Off-Premises Sales: the Consumer Goes on an Excursion…
At the Art Business Conference last September organised in London by Art Market Minds, a delegate asked whether a sale to a consumer concluded by a dealer in his gallery could constitute an ‘off-premises’ sale. The short answer is that it can.
The question is significant because if a dealer sells ‘off-premises’ to a consumer, he is required by law (pursuant to the UK Consumer Contracts (Information, Cancellation and Additional Charges) Regulations 2013) to provide detailed information to the consumer in advance of the sale, including information on the consumer’s right to cancel the sale within 14 days. Further, if the consumer elects to cancel the sale within the statutory period, the dealer must refund the consumer in full. By law, a dealer who concludes an off-premises contract with a consumer, yet fails to inform the consumer in advance that he has the right to cancel the sale, commits a criminal offence.
The definition of an ‘off-premises’ contract covers several situations. The most common is where ‘a contract [is] concluded in the simultaneous presence of the trader and the consumer, in a place which not the business premises of the trader’. Another situation amounting to an ‘off-premises’ sale is where ‘a contract [is] concluded during an excursion organised by the trader with the aim or effect of promoting and selling goods or services to the consumer’ (our emphasis). What does that mean?
The Regulations are silent on the meaning of ‘excursion’. The EU Directive from which the Regulations derive, is more explicit. First, it explains that the consumer requires additional protection in an ‘off-premises’ context because ‘the consumer may be under potential psychological pressure or may be confronted with an element of surprise, irrespective of whether or not the consumer has solicited the trader’s visit’. Secondly, it provides that ‘purchases made during an excursion organised by the trader during which the products acquired are promoted and offered for sale should be considered as off-premises contracts’.
One must turn to the European Commission Guidance (DG Justice) on the EU Directive for more guidance on the meaning of ‘excursion’. The European Commission states that in contrast to the previous incarnation of the Directive, ‘off-premises’ contracts may be concluded ‘during an excursion organised by the trader irrespective of whether the contracts are concluded away from or on the trader’s business premises’ (the European Commission’s emphasis). The European Commission adds that the current Directive specifies that to qualify as an ‘off-premises’ sale, the sale may occur during excursions with the aim or effect of promoting and selling products to consumers. In other words, ‘it should not matter whether the consumer is informed beforehand about the intended sale of products during the excursion’ (the European Commission’s emphasis).
An example of an excursion is where the art dealer makes arrangement with a travel company to attract a group of visiting art collectors to his gallery. This amounts to an excursion because it is a visit organised by the dealer with the aim or effect of promoting and selling goods to consumers. If during the visit, an art collector in the group purchased an artwork, the purchase would qualify as ‘off-premises’, with attendant obligations falling upon the art dealer. By contrast, if the art dealer did not make arrangements with the travel company to organise a visit but the travel company, of its own volition, arranged for the group of art collectors to stop by the gallery, a sale concluded during the visit would not qualify as an off-premises sale (but rather as an on-premises sale).

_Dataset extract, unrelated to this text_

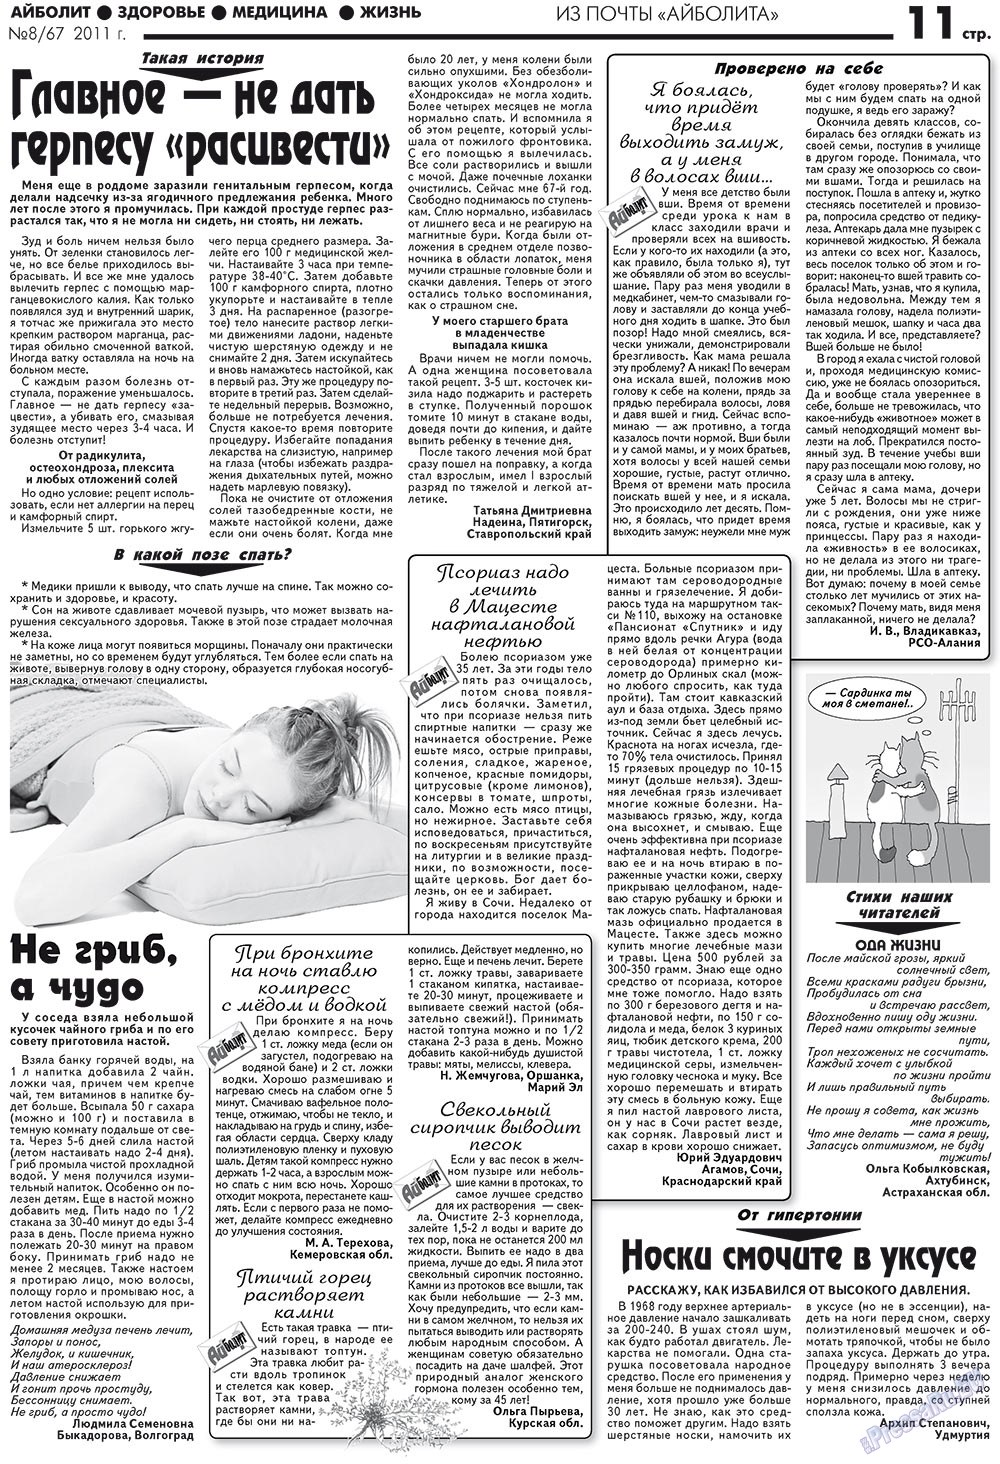 АйБолит (газета). 2011 год, номер 8, стр. 11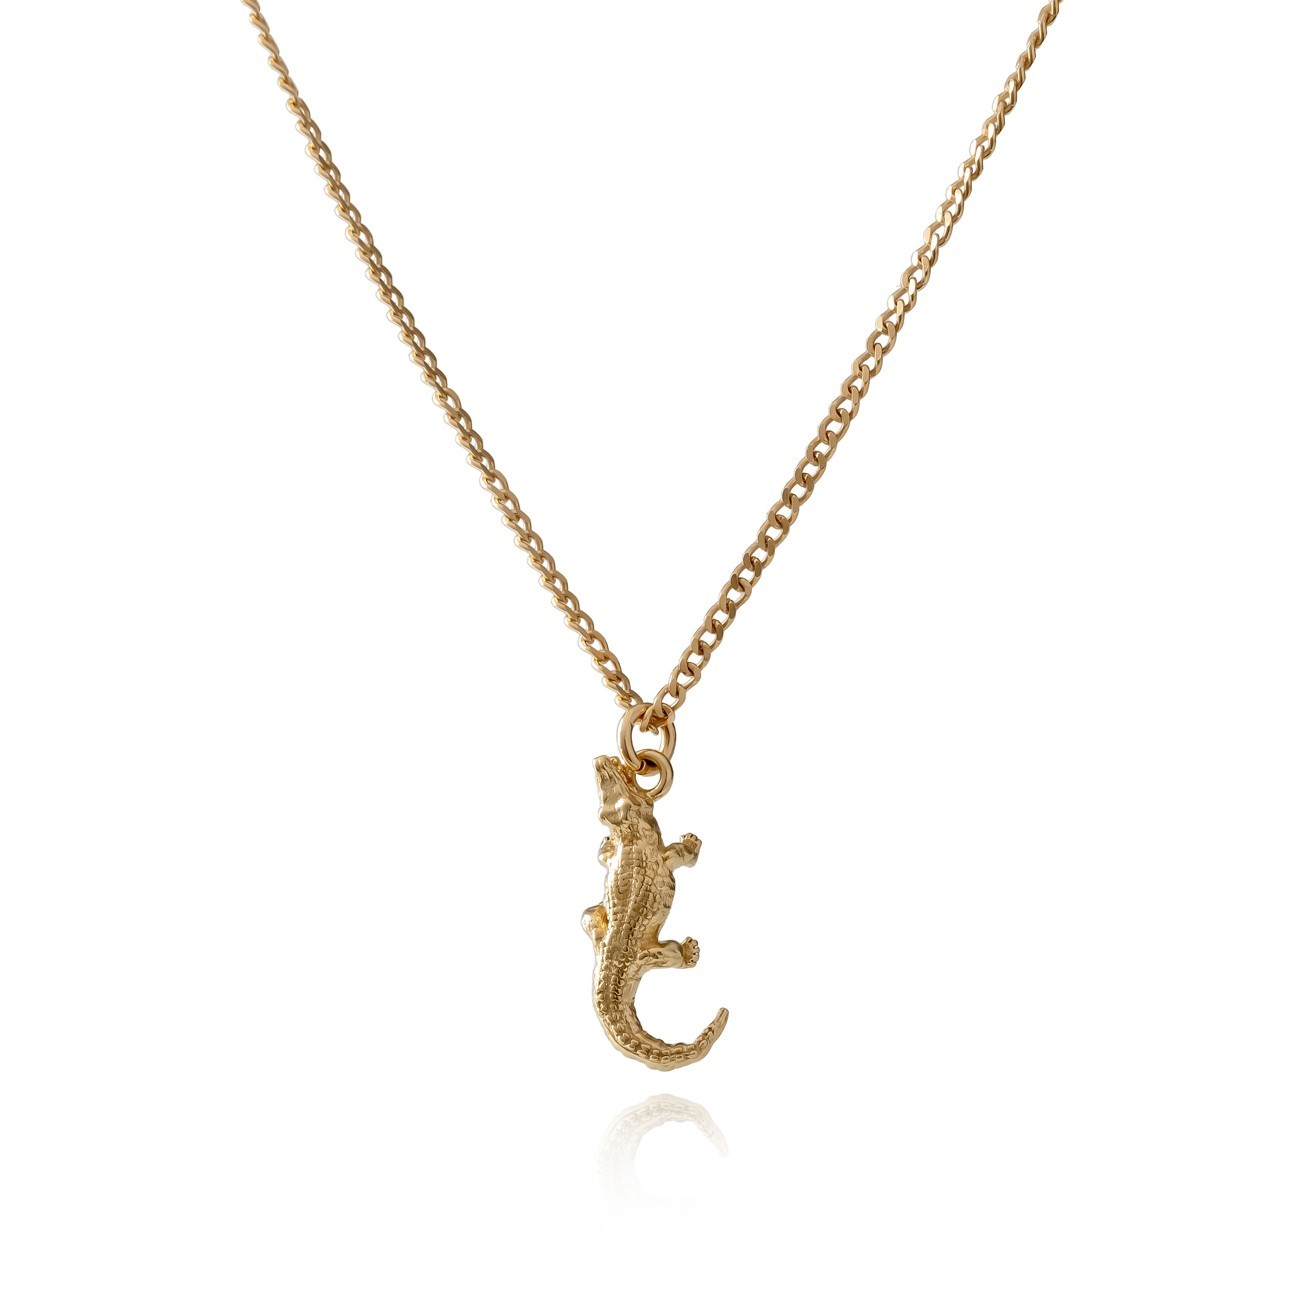 Men's crocodile necklace, sterling silver 925

Under the old and now repealed 1985 EU Directive on contracts negotiated away from business premises, the reference to ‘excursion’ was specifically qualified by the words ‘away from [the trader’s] business premises’. The definition of an ‘off-premises’ contract in the more recent EU Directive on Consumer Rights (2011/83) does not include that qualification. Accordingly, a sale to a consumer during an ‘excursion’ can now amount to an off-premises sale even if it occurs at the dealer’s premises.
Distance Sales: the Art Dealer Caught in a Scheme…
Since the adoption in 2000 of the UK Consumer Protection (Distance Selling) Regulations (implementing EU Consumer Directive 97/7/EC), consumers buying art from a trader ‘at a distance’ receive special protection. The UK trader is required to provide detailed information to the consumer in advance of the sale, including information on the consumer’s right to cancel and if the consumer elects to cancel the sale, the trader must refund the consumer in full.
The UK Consumer Contracts (Information, Cancellation and Additional Charges) Regulations 2013 repeal and replace the 2000 Regulations. Under the new Regulations (introduced in June 2014 to implement the EU Consumer Rights Directive 2011/83), the consumer benefits from more protection. The trader must provide additional information to the consumer prior to the sale, and the cancellation period is extended from 7 to 14 days.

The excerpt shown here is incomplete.